FZU OJ 2140 Forever 0.5 (几何)

Problem 2140 Forever 0.5

Accept: 269    Submit: 934    Special Judge
Time Limit: 1000 mSec    Memory Limit : 32768 KB

 Problem Description

Given an integer N, your task is to judge whether there exist N points in the plane such that satisfy the following conditions:

1. The distance between any two points is no greater than 1.0.

2. The distance between any point and the origin (0,0) is no greater than 1.0.

3. There are exactly N pairs of the points that their distance is exactly 1.0.

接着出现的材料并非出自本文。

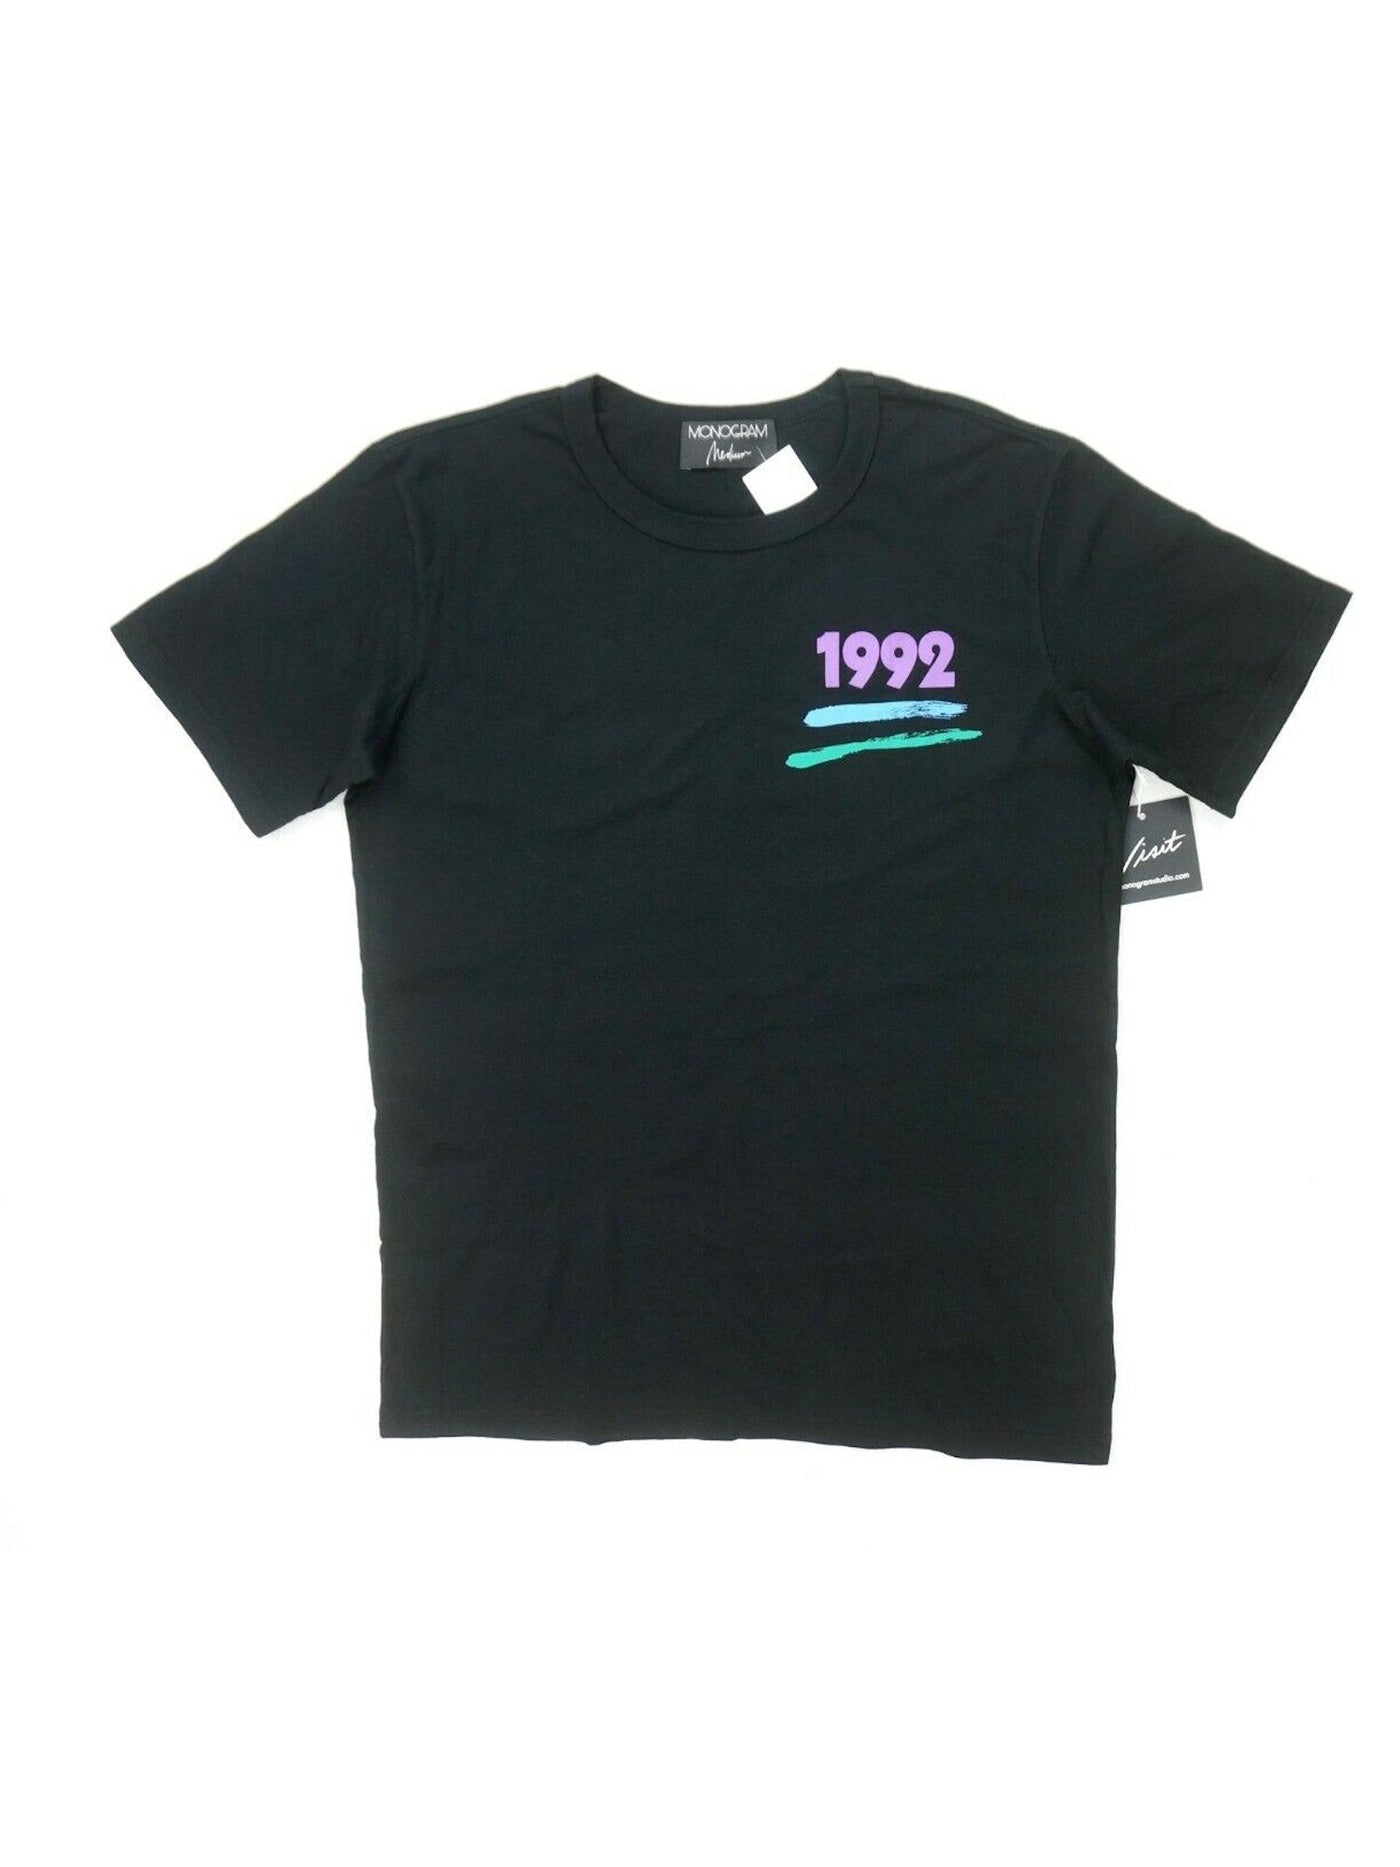 MONOGRAM Mens Black Lightweight, Graphic Short Sleeve Classic Fit T-Shirt S

4. The area of the convex hull constituted by these N points is no less than 0.5.

5. The area of the convex hull constituted by these N points is no greater than 0.75.

 Input

The first line of the date is an integer T, which is the number of the text cases.

Then T cases follow, each contains an integer N described above.

1 <= T <= 100, 1 <= N <= 100

 Output

For each case, output “Yes” if this kind of set of points exists, then output N lines described these N points with its coordinate. Make true that each coordinate of your output should be a real number with AT MOST 6 digits after decimal point.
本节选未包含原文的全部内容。